Immigrant Entrepreneurs

There is growing number of Immigrant Entrepreneurs starting up successful businesses. Much of the great success has to do with strong motivation and drive to succeed at any cost, especially when many consider there humble origins of where they came from. Forbs and Psychology today have published such as the one below on why do foreigners make better entrepreneurs.

Forbes Magazine recently reported that first-generation American migrants were starting businesses at over twice the rate of natives. In addition, first-generation migrants create start-ups at twice the rate of second-generation migrants. There is a lot of data on this phenomenon. And the pattern is the same for many Western countries. But what is the explanation?

Migrants have ‘get-up-and-go’ flair. Whether they are more likely to be in that surprisingly small number of the ultra-successful or not is unclear.

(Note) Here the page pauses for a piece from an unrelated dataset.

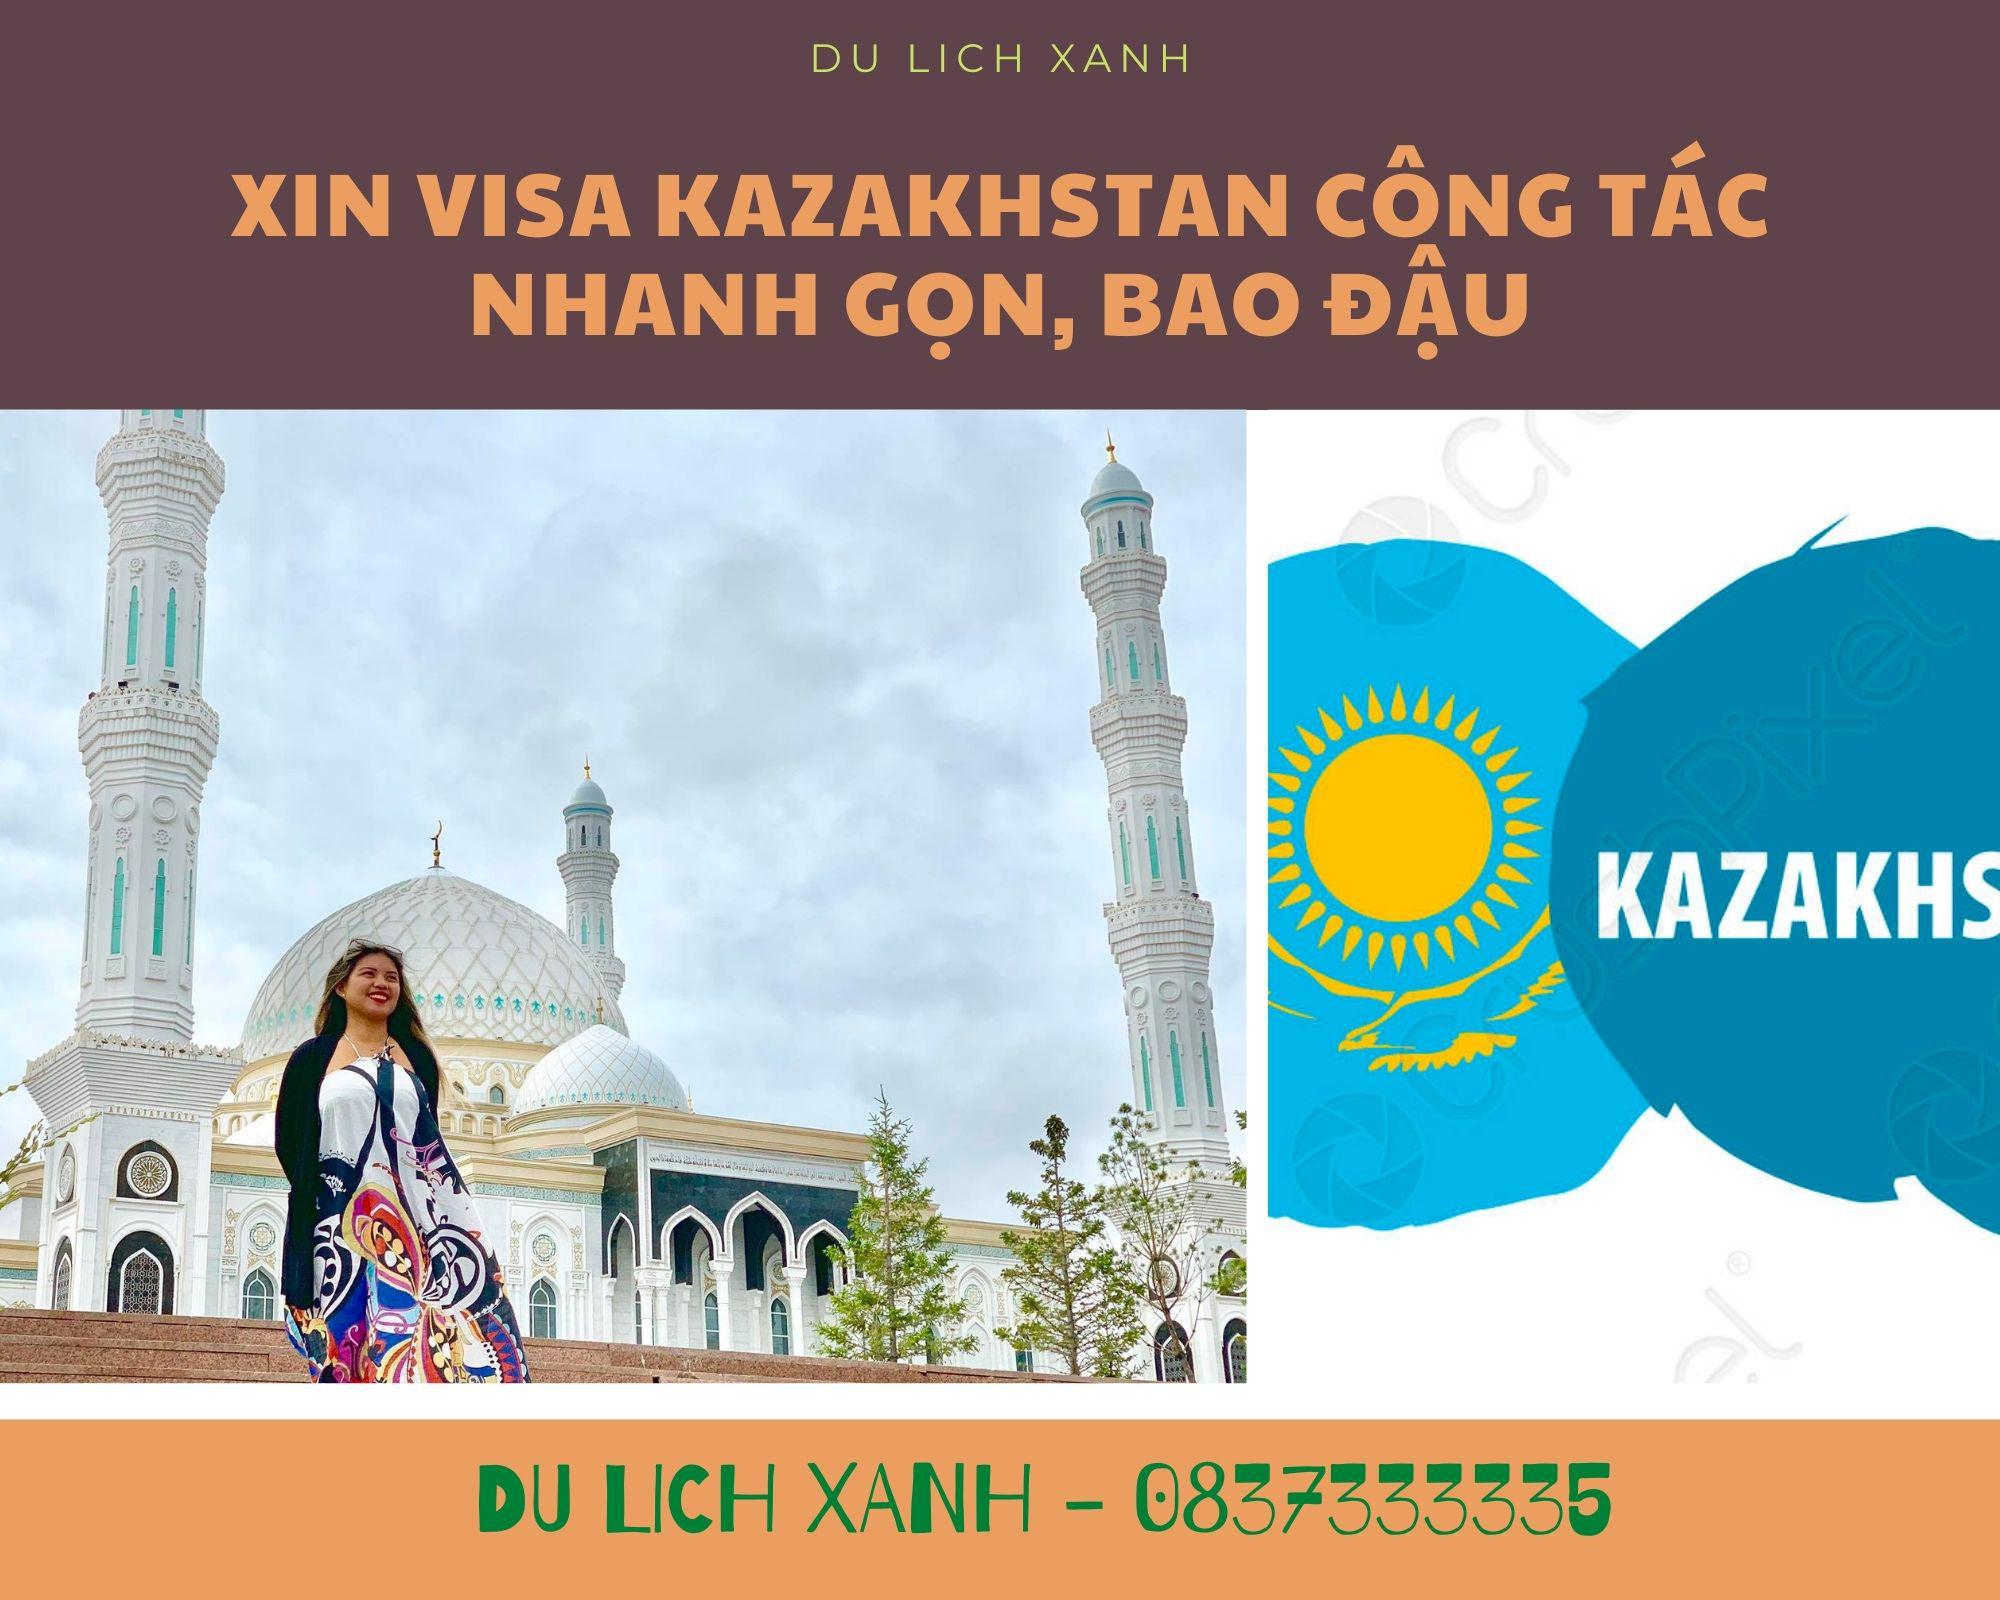 Xin Visa Kazakhstan công tác nhanh gọn, bao đậu

But you only have to look at various Rich Lists to see by name or photograph that all sorts of minorities seem to be over-represented.

This comes from a recent Harvard Business Review blog by a colleague: Half of the world’s skilled migrants go to America and in the past 20 years created 25% of all American venture-backed companies. There are around 500 start-ups with French founders just in the San Francisco Bay Area of California. There are over 50,000 Germans in Silicon Valley, where salaries for software engineers are much higher than in Europe.

It seems that when we look at business start-ups, particularly those that succeed, immigrants are unusually over-represented among the entrepreneurial and innovative. Some countries are so concerned about this that they offer “start-up visas” or “short-circuited passports” to those likely to bring prosperity, not only to themselves, but also to their family, community and adopted country. They are the ideal type of migrants: net ‘givers’.

That is why talent scouts go to top schools, universities and business schools in Asia to encourage the best students to come to their country. In this world, being less erudite and linguistically skilled does not matter.

These entrepreneurial immigrants are often most commonly found in the technology and engineering sector. Note maths, not languages: boy’s stuff. Here you only need raw fluid intelligence, not book learning. It is the inventive urge that often results from spending too much time with computers.